At the line that holds "Pictured: Flyer for", start repeating, and keep going exactly through the final line of the material; include both ends and skip the pictures.

Dataset content —
++++++++++++++++++++

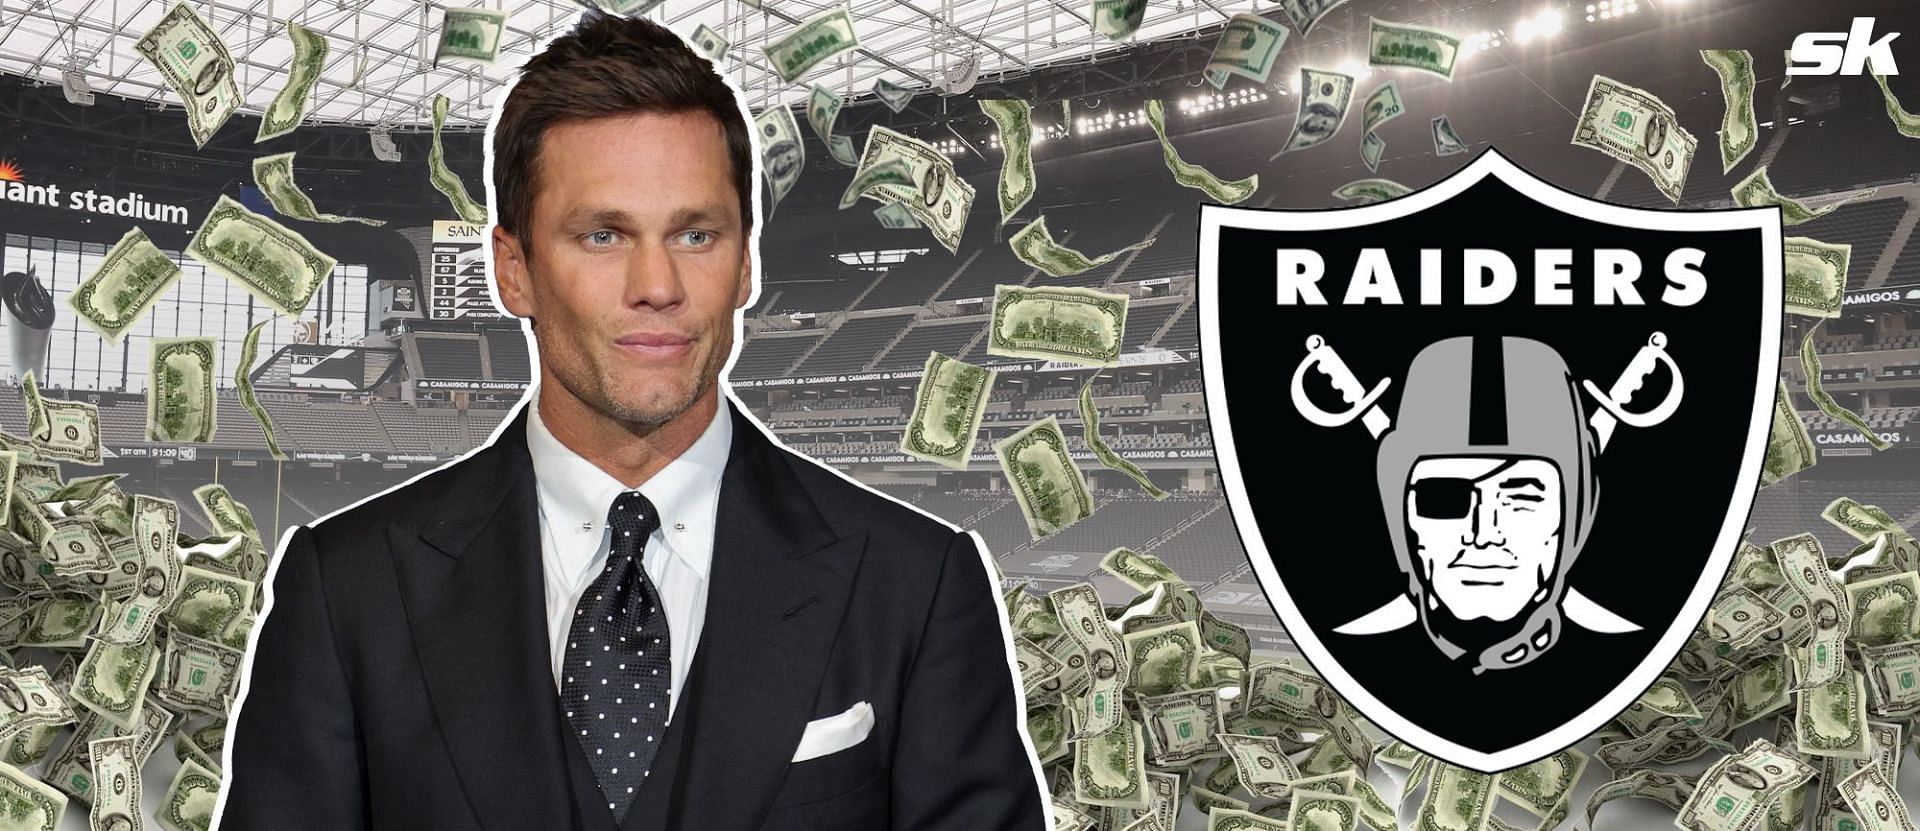 How much of the Raiders is Tom Brady buying? Details emerge of 7x Super Bowl champ&rsquo;s investment in $5,100,000,000 franchise
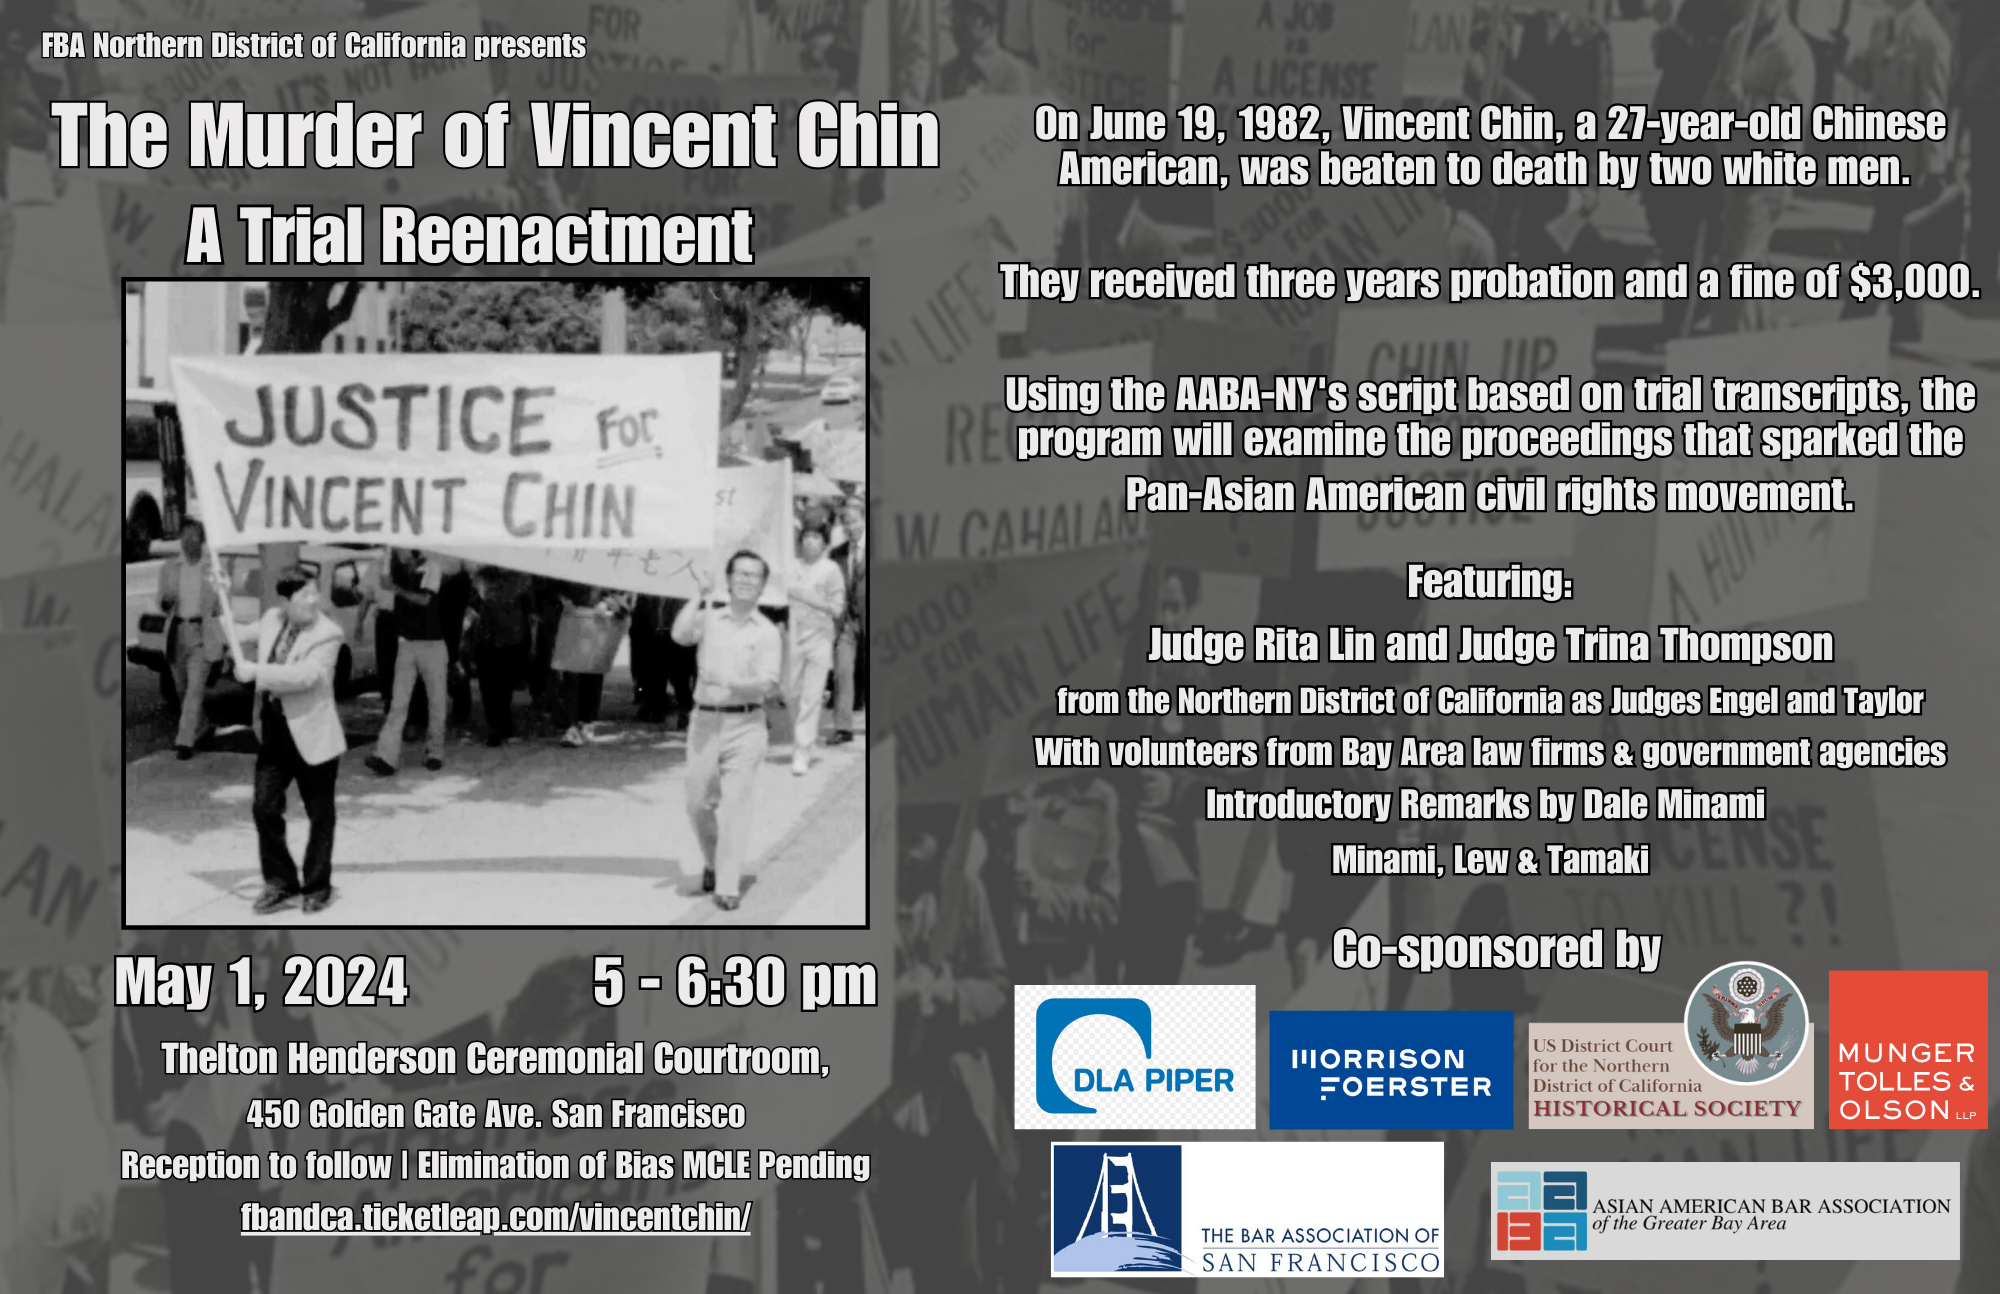 Pictured: Flyer for The Murder Trial of Vincent Chin: A Trial Reenactment
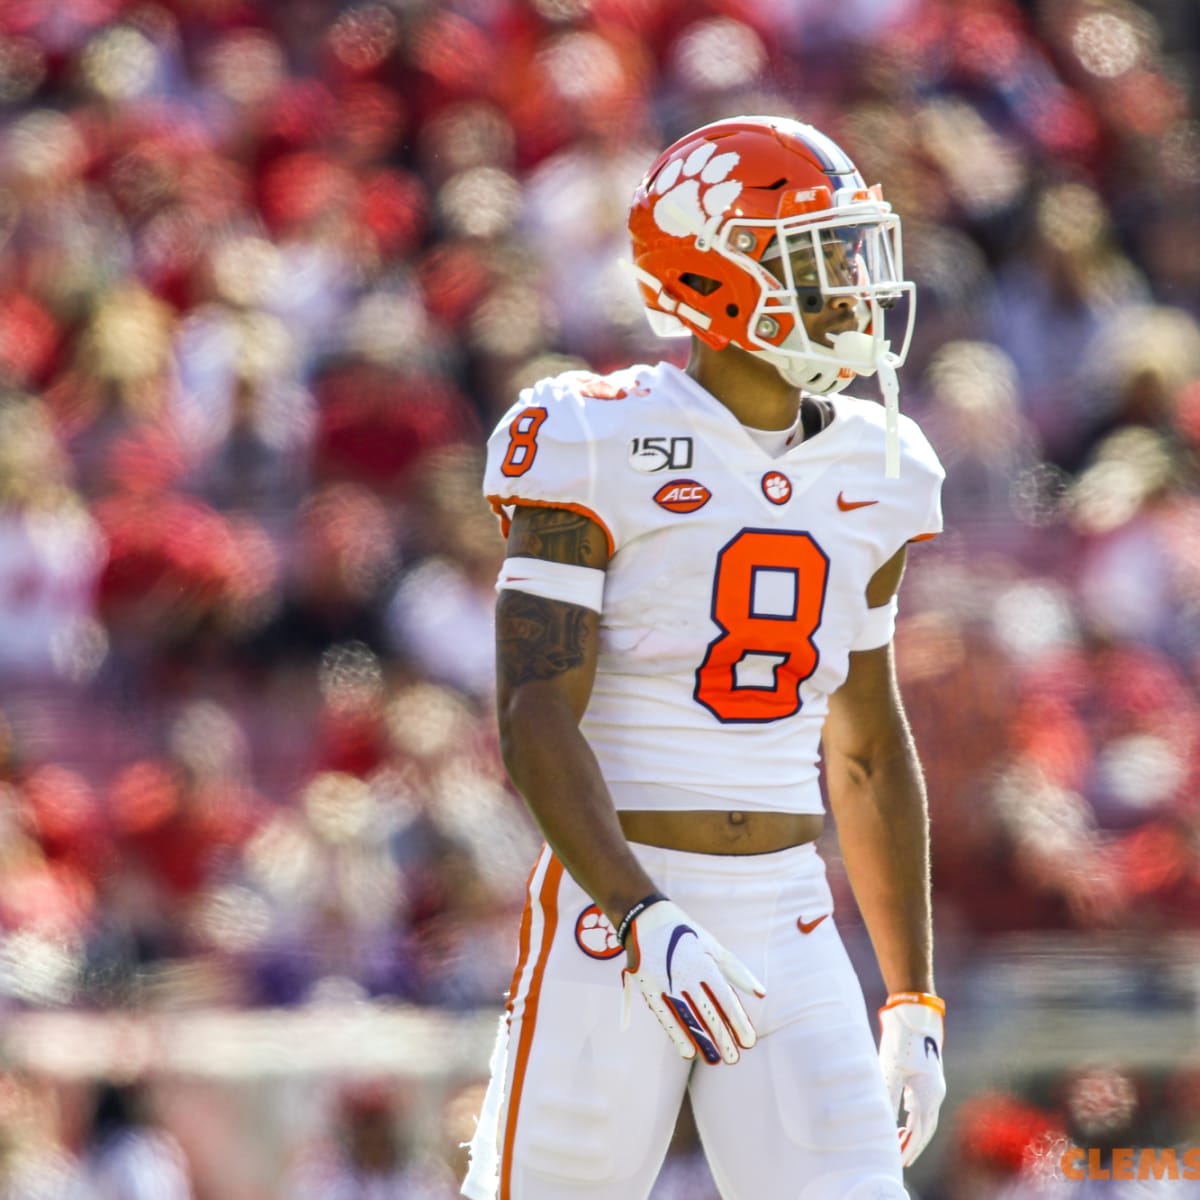 Clemson cornerback AJ Terrell 8 during the NCAA college football game  between Wake Forest and Clemson on Saturday October 7 2017 at Memorial  Stadium in Clemson SC Jacob KupfermanCSM Cal Sport Media

++++++++++++++++++++

Answer below —
 Pictured: Flyer for The Murder Trial of Vincent Chin: A Trial Reenactment
 Clemson cornerback AJ Terrell 8 during the NCAA college football game  between Wake Forest and Clemson on Saturday October 7 2017 at Memorial  Stadium in Clemson SC Jacob KupfermanCSM Cal Sport Media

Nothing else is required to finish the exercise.